Embeds the resolved query using Gemini and searches Qdrant for nearest neighbors by cosine similarity. Returns the top-K memories above a similarity threshold.

Looks up entities mentioned in the query by name in the semantic graph, then retrieves episodic memories associated with those entities. Effective for entity-centric queries ("what do we know about Redis?").

Keyword Fallback

If vector search returns fewer results than a minimum threshold, a keyword search is performed against memory content. This handles cases where the query vocabulary doesn't match the stored embeddings well.

Federated Providers

When federation is enabled and the query is classified as domain (not internal), federated providers (mem0, LightRAG, etc.) are queried in parallel and their results merged.

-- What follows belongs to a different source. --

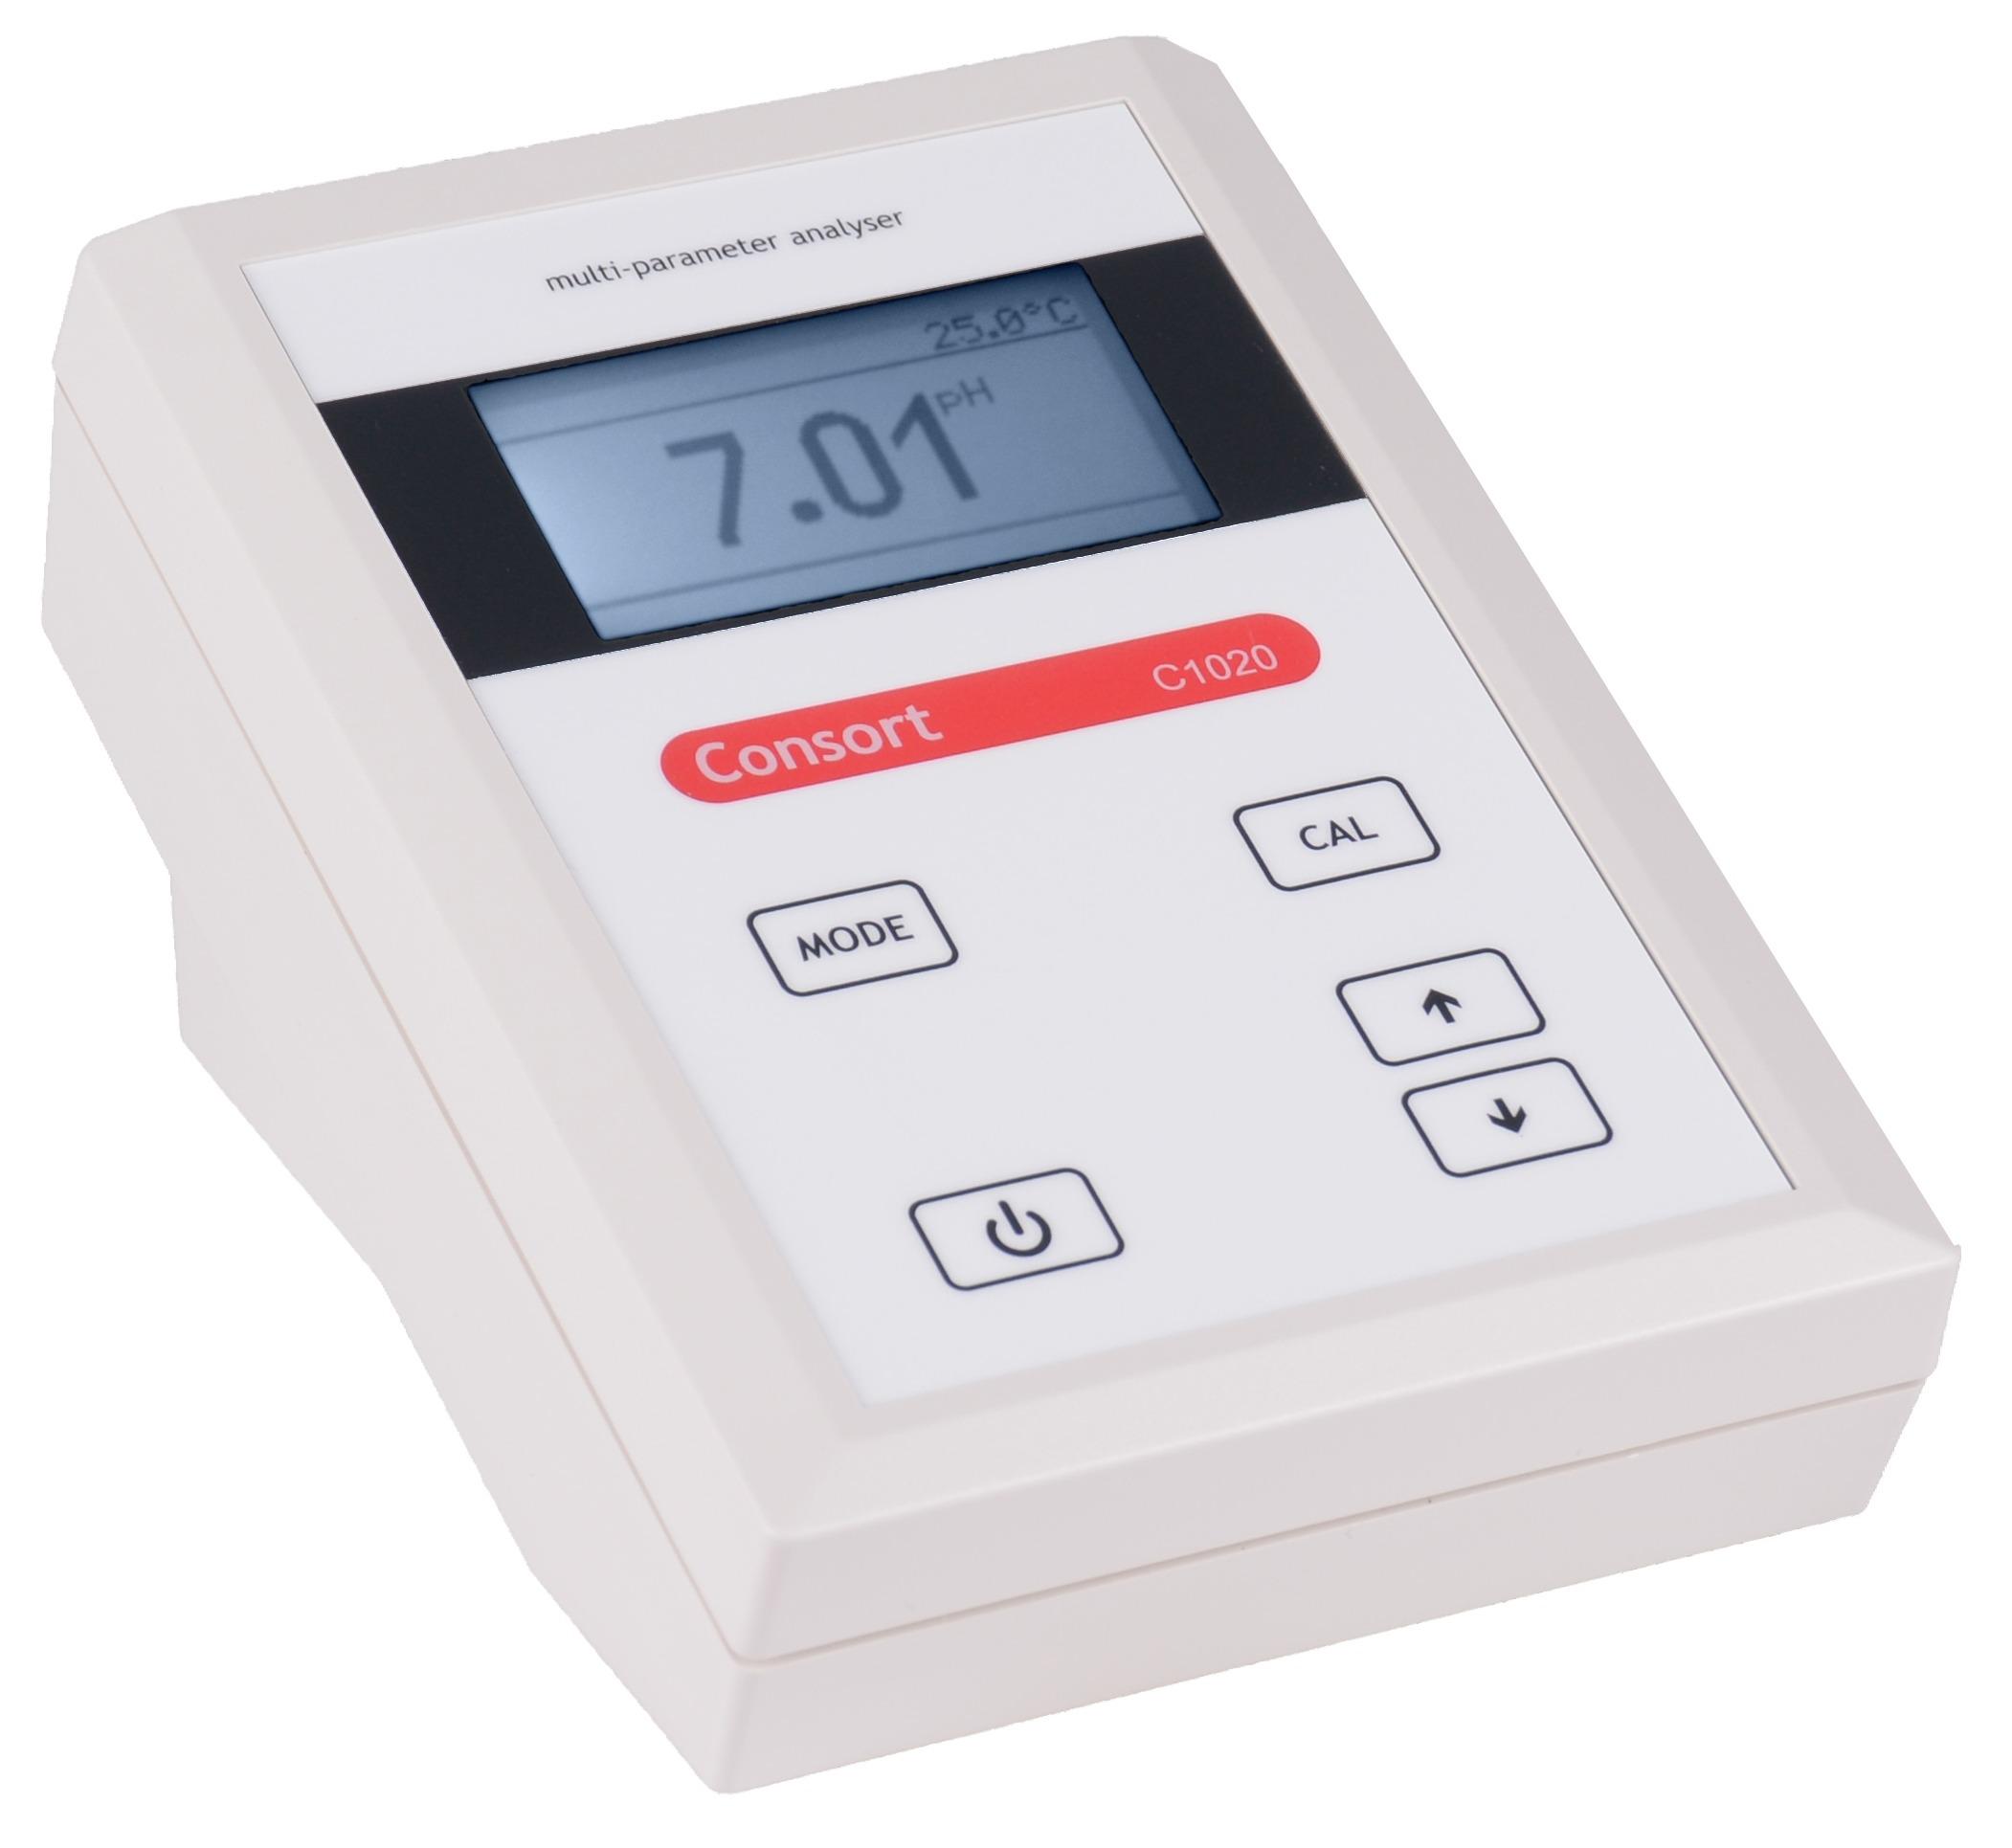 مولتی پارامتر انالایزر رومیزی مدل C1010 کمپانی CONSORT بلژیک

Stage 5: Dedup + Composite Scoring

Results from all search strategies are deduplicated by content hash, then scored:

composite_score = (vector_similarity × 0.6) +
                  (priority_score × 0.2) +
                  (confidence_score × 0.1) +
                  (recency_score × 0.1)

Results are sorted by composite score descending.

Stage 6: Fusion Format

Results are grouped by memory type for structured LLM context injection:

[preference] Use PostgreSQL for production databases
[decision] Migrate to microservices in Q2
[fact] Redis is used for session caching
[lesson] Always index foreign keys before running migrations

This grouped format helps LLMs distinguish between different kinds of remembered information.

Think Mode

When engram think or engram_think is called, the pipeline runs all stages and then passes the fused context to the Reasoning Engine for LLM synthesis:

sequenceDiagram
    participant Agent
    participant Pipeline as Recall Pipeline
    participant LLM as Reasoning Engine (Gemini)

    Agent->>Pipeline: think("What caused the outage?")
    Pipeline->>Pipeline: Run all recall stages
    Pipeline->>LLM: [memories] + question + constitution
    LLM-->>Agent: synthesized answer with citations

Data Constitution

All LLM prompts in the Reasoning Engine are governed by a 3-law constitution:

  1. Namespace isolation — only reference memories from the active namespace
  2. No fabrication — answer only from provided context, flag uncertainty explicitly
  3. Audit rights — all reasoning operations are logged with SHA-256 tamper detection
engram constitution-status  # Show 3-law text + hash

Resource Tiers

The pipeline degrades gracefully when LLM APIs are unavailable:

Tier Behavior
FULL All features: vector search + graph + LLM reasoning
STANDARD Vector search + graph, no LLM
BASIC Keyword search only
READONLY Read-only, no writes

Tier is checked every 60 seconds and auto-recovers when the API becomes available again:

engram resource-status

Auto-Memory Detection

The pipeline also includes an ingestion-side auto-memory detector that identifies save-worthy messages without explicit engram remember calls:

Signal Example
Save: prefix Save: use tabs not spaces
Identity statements I am the tech lead
Preference statements I prefer functional programming
Decision statements We decided to use Kafka

Detected messages are automatically stored. A poisoning guard blocks prompt injection attempts (instruction overrides, special tokens) from being stored as memories.